Mechanization, such as power slips and iron roughnecks, provides strength in operations beyond human’s manual capability. Drill-floor robotics is an example of automation that emulates repetitive motions and reduces human exposure.
At the outset, automated systems go to high-end rigs, because the value is easier to see, and more money is available for R&D on those projects. The challenging business case is how to migrate and deploy higher technology on other rigs. Internationally, Florence said it’s important to realize that cultural differences cause equipment to be used differently in disparate geographic areas. And in order for changes to be fully utilized, there must be recognizable value for everyone from the drilling superintendents to the rig crews.

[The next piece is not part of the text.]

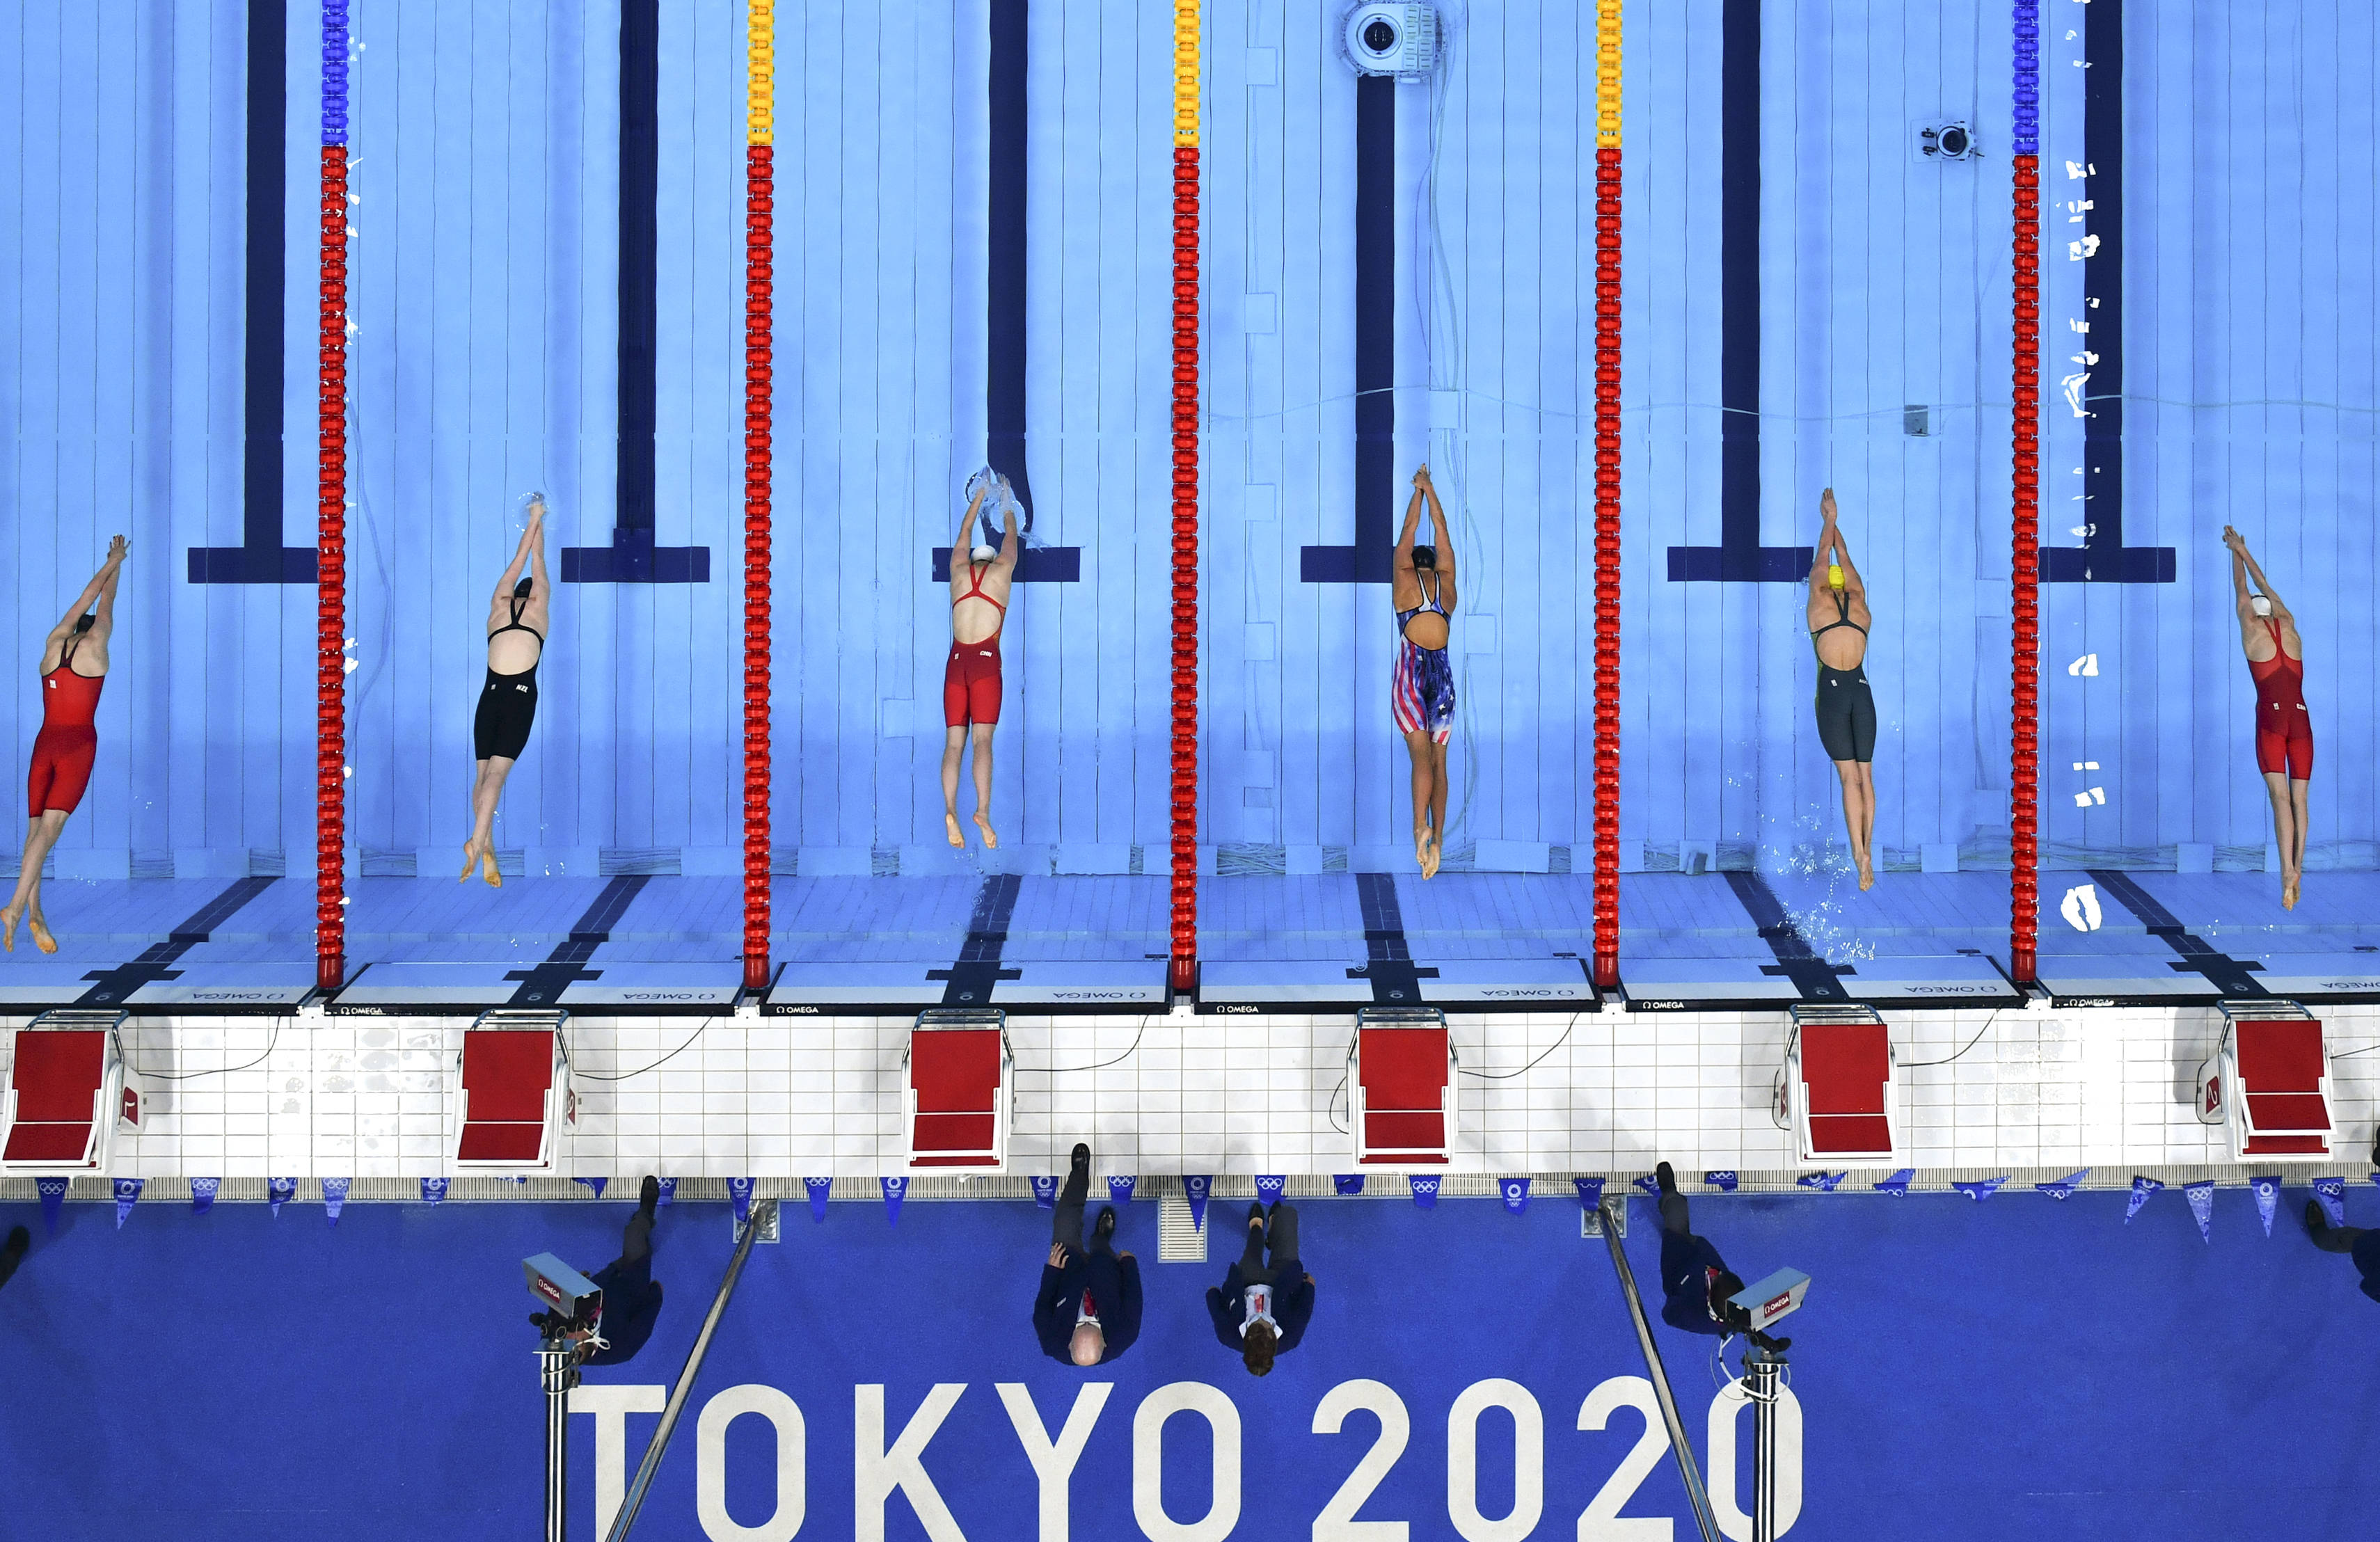 游泳——李冰洁获女子400米自由泳铜牌

What change can we tolerate? Florence suggested controllers built to reduce training requirements, equipment monitoring and diagnostic improvements, real-time dynamic models, and systems that handle multiple models and multiple control inputs simultaneously. Once we understand how technology on the drill floor affects the well, we’ll drill more wells cost-effectively and drill wells not possible before.
BP
BP’s vice-president of drilling and completion engineering, Scott Sigurdson, said that in all our industry operations, its important to get it right the first time. Wells are getting more complex―deeper, hotter, and higher-pressured, with ever-increasing reach and targeting unconventional reservoirs. Deep gas bottomhole temperatures in the Gulf of Mexico can reach 500º F, with 25,000 psi wellhead pressures. BP’s Liberty wells off Alaska will stretch beyond 40,000 ft.
BP has programs to assess competencies for employee’s early (1-2 year) career, but not beyond 3 years.
Old salt
Mark Childers was the final speaker, and pointed out that for more than 25 years, technology in this industry has been innovative and successful, opening mammoth reserves. But new technology is not always better, nor safer, and adding new some technology has sacrificed rig operational efficiency and reduced the ability of rig personnel to operate independently. He pointed out three main areas of concern:
1. Widespread use of exotic and complex electronics, even for simple and straightforward tasks and equipment.

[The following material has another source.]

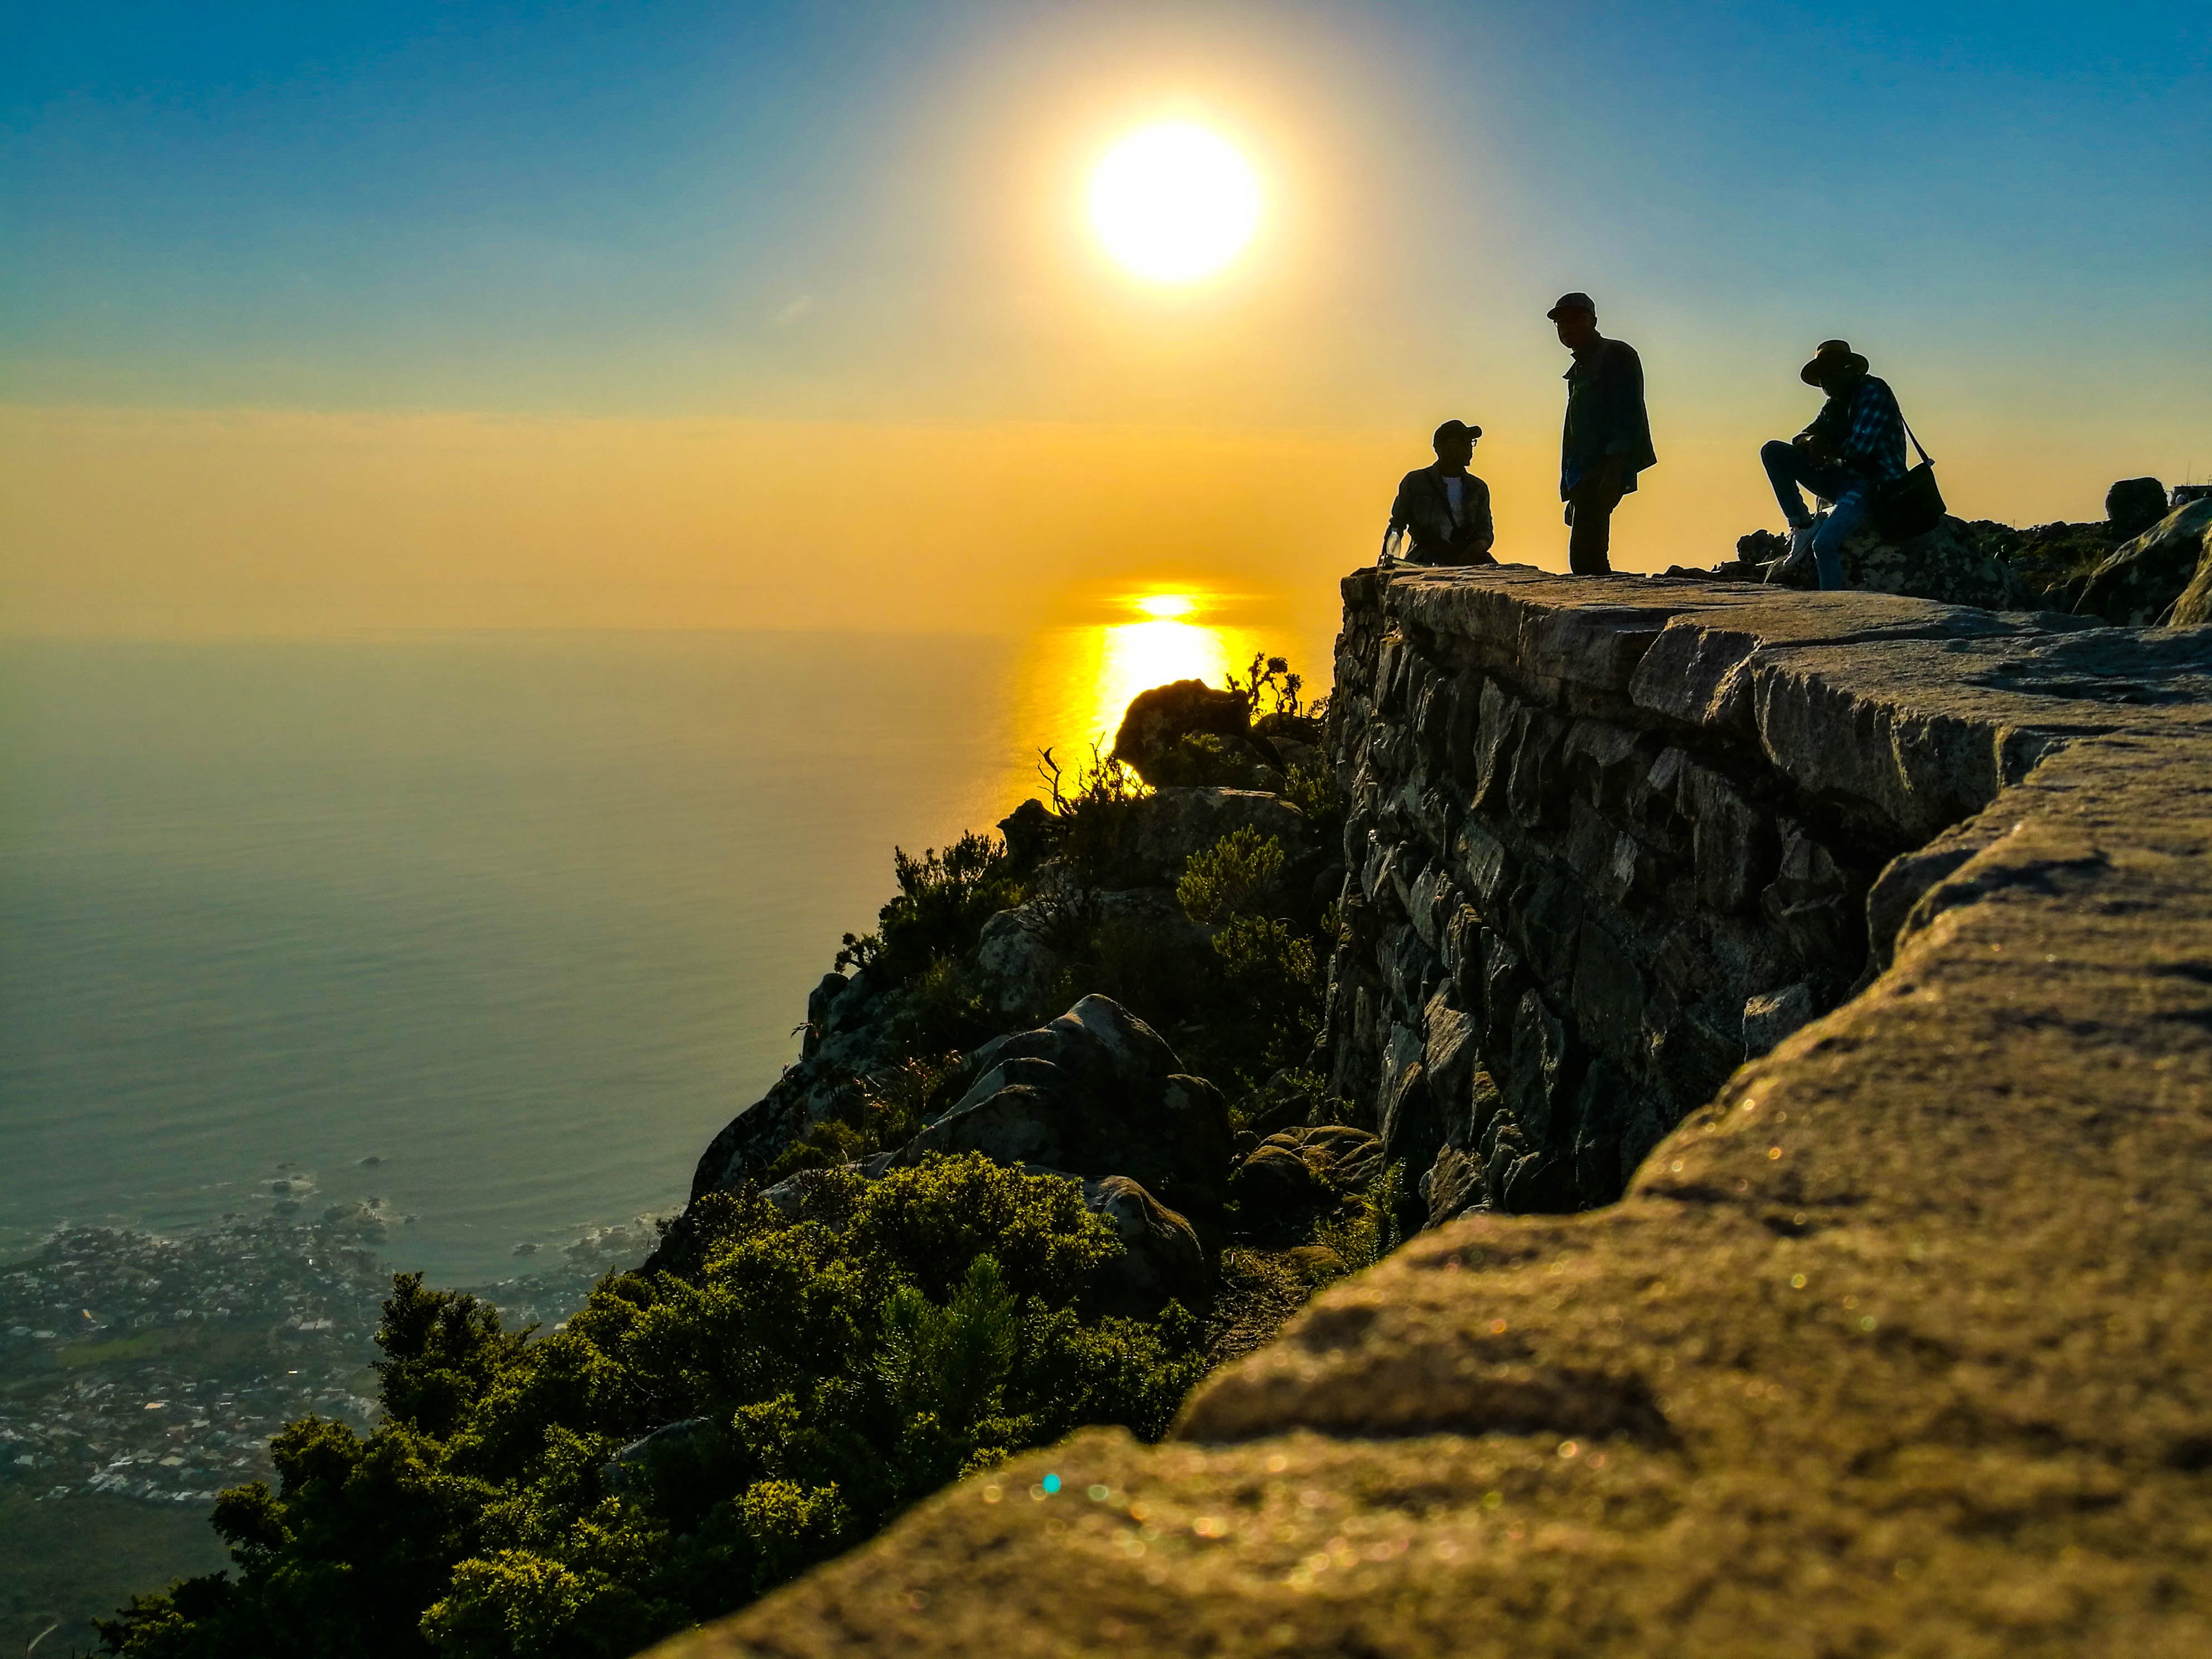 Three men on mountain cliff photo

2. Temperamental deepwater subsea BOP control systems that require extensive repair time and are not redeployable. A typical control pod for an all-hydraulic BOP, which Childers’ recognized could not be used subsea, weighs about 4,000 lbs, while subsea BOPs weigh 40,000 lbs, are non-retrievable and non-reinstallable. The extensive downtime sometimes requires reconditioning of the hole, adding to the cost. It makes sense to modularize subsea control systems, Childers said, so that repairs can be performed with ROVs and wireline operations.
3. Tubular pipe-handling systems that actually introduce inefficiencies and downtime.
We need to consider the cost of new technology versus the savings in operational time and safety.